Born Karoline King in 1980 in Johannesburg South Africa, Sara-Jayne was the result of an affair, illegal under apartheid’s Immorality Act, between a white British woman and her black South African employee.
Sara-Jayne explains how her birth mother flew to England under the pretence of her baby needing urgent surgery.
‘When they got to the UK they went to the adoption agency, put her seven-week-old baby in the hands of strangers, got in the car, turned around and left her baby to be raised by two people she’d never met,’ she says. ‘They arrived back in South Africa … and the explanation they gave [for showing up empty handed] was that baby Karoline had died.’
Killing Karoline follows the journey of the baby girl who is raised in a leafy, middle-class corner of the South of England by a white couple.
‘I woke up every morning and looked out across fields and saw chickens and lambs. I really was living a very sort of white, middle-class existence,’ she says. ‘We didn’t want for anything, but from an identity point of view I had no racial mirrors at all.
‘I knew from an early age that to be black was not okay,’ she adds. ‘I didn’t realise I was black until somebody told me. I knew that my skin was a different colour, but what “black” meant in terms of identity, I had no idea that that’s what I was.’
Sara-Jayne’s story came full circle when she harnessed the collective power of Twitter to find her biological father. Read the article below:
Two years ago, Sara-Jayne released a book chronicling the circumstances of her adoption and the trajectory of her life afterwards. She had hired a private investigator to help her find her biological father, but without success. Then, while promoting her book on the radio, she mentioned his name. That’s when Twitter jumped into action. Within 36 hours of the radio show airing, she had her father’s phone number. She dialled it, and, for the first time, heard his voice on the phone. They talked for 30 minutes.
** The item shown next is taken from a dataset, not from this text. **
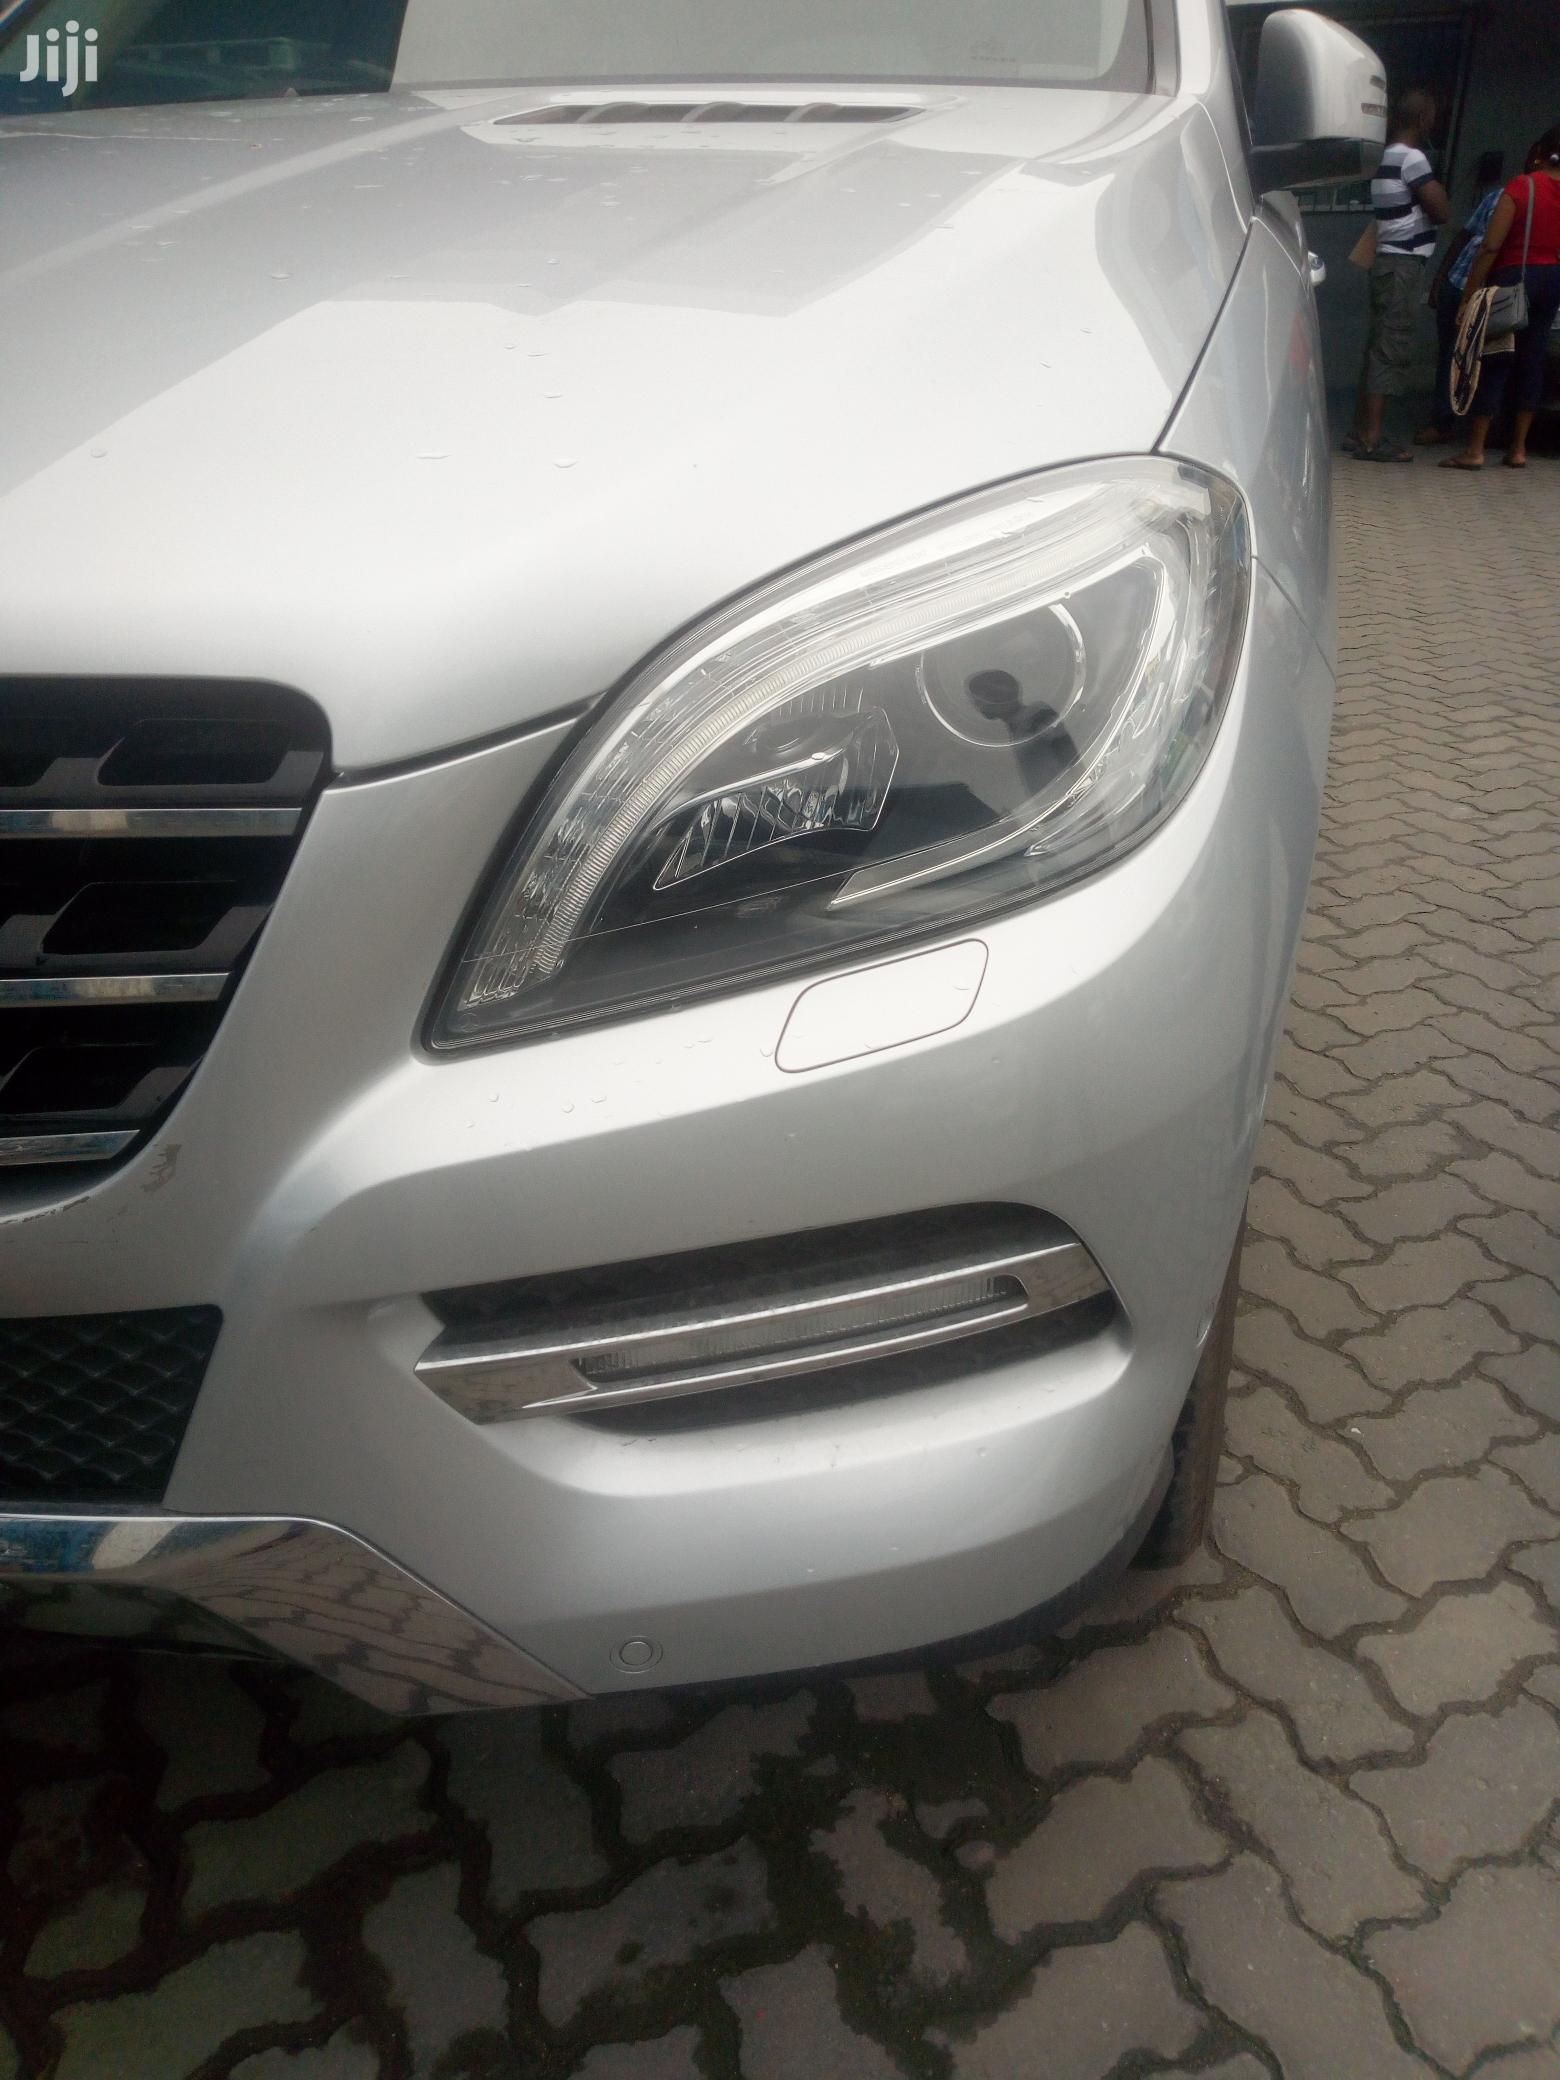 Archive: Mercedes-Benz M Class 2013 White

The pair spoke every day for a week before Sara-Jayne got on a plane to Johannesburg to meet her father, in person. They arranged to meet at a coffee shop in a shopping mall.
It was, she says, the best day of her life. ‘I will never forget him just walking around the corner, and we both just burst into tears, and he hugged me and he said, “My daughter, my daughter,”‘ she says. ‘It suddenly dawned on me, I am someone’s daughter. I am someone’s daughter, and I belong.’